If you are organizing an event or attending a gathering in Hamilton, please think twice.

I know many of you are thumbing your noses at recent news and believe COVID-19 is hyped and overblown. I came back from somewhere near the epicenter of the outbreak (Beijing, China) five weeks ago, and I’ve been isolating myself at home1 ever since (strictly for the first three weeks, most of the time these two weeks). Luckily I’m very well at present, but the fear is lingering. I should say this disease is not like a common flu, and I suggest all of us avoid crowds and cancel gatherings of all kinds. Hamilton has seen the first positive case, which may well be just the tip of the iceberg.

Several facts about the novel coronavirus:

  1. Fatalities can be young or old, and the old are just comparatively susceptible. I’ve known a bunch of guys (friends’ acquaintances) aged 21-39 that have succumbed to this disease.

  2. Any damage to the lungs will remain; it is irrevocable for life, although symptoms can be treated and finally disappear.

  3. The virus attacks testicles as well and thus affects fertility in men.

  4. The virus can spread from one person to another within 15 seconds when both of them stand close, wearing no face mask and protective goggle.

  5. The virus can survive several days on hard surfaces.
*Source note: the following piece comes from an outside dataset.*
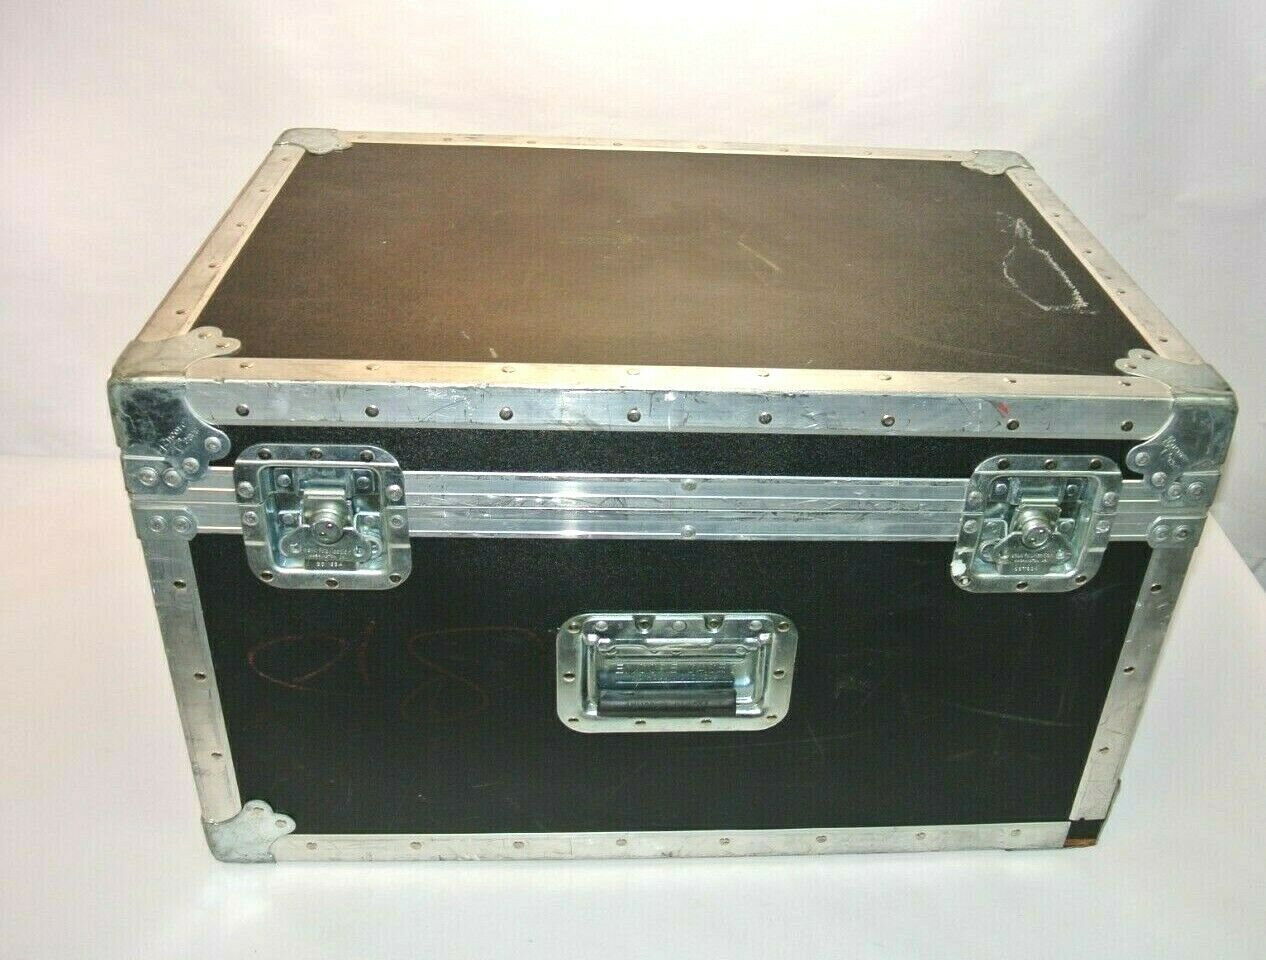 Encore Cases ATA Ground Transport Case Head Amp Case 26.5x18.75x16  OD
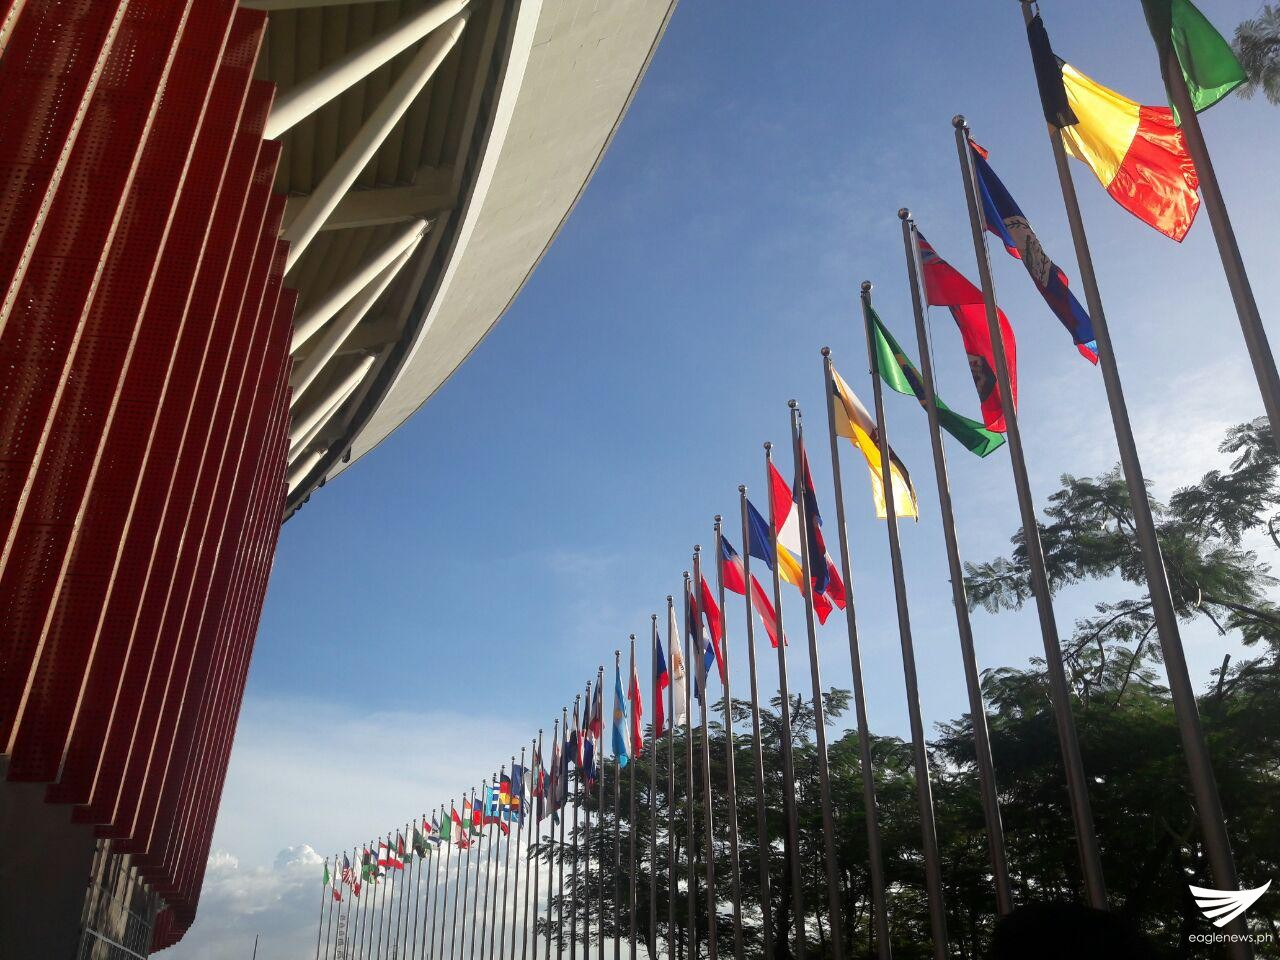 philippine-arena00003

  6. About half of the carriers do not have symptoms but are able to spread the virus. A few of them may turn out super spreaders.

  7. Depending on techniques, patients may need to take more than one test to know if they are really infected. So those who are tested negative at first and take no further test (pseudonegative cases) may still help spread the virus.

What I saw and learned during my stay and on my trips:

  1. Every single passenger aboard was wearing face masks; some even avoided eating all the way (13 hours flight) so that they wouldn’t have to take off the masks or go to the toilet, which was highly dangerous.

  2. Streets were almost empty. All restaurants, cinemas and business venues were closed.

  3. All residents stayed indoors in quarantine. Some communities issued them daily passes and only allowed one person per household per day to come out for shopping groceries, of course with a face mask on. (Yes, bare faces would be considered stupid and denied entrance anywhere.)

  4. Most buses and subways stopped service. A few still in service could expect hardly any passenger.

  5. Clinics, hospitals, and pharmacies became the most dangerous places as patrons might be carriers.

Beijing (population: 23 million) only had some 80 cases when I left. But they were doing all the above to help stop the virus.

Besides, governments (as well as WHO) are not always reliable. They have various reasons to understate the severity or try to cover it up. Some medical workers are still ill-informed in some ways. Yet we only live once. Proactivity is still important.

Be alert2 and stay healthy!


  1. No one asked me to self-isolate. I insisted on doing so out of conscience and commonsense.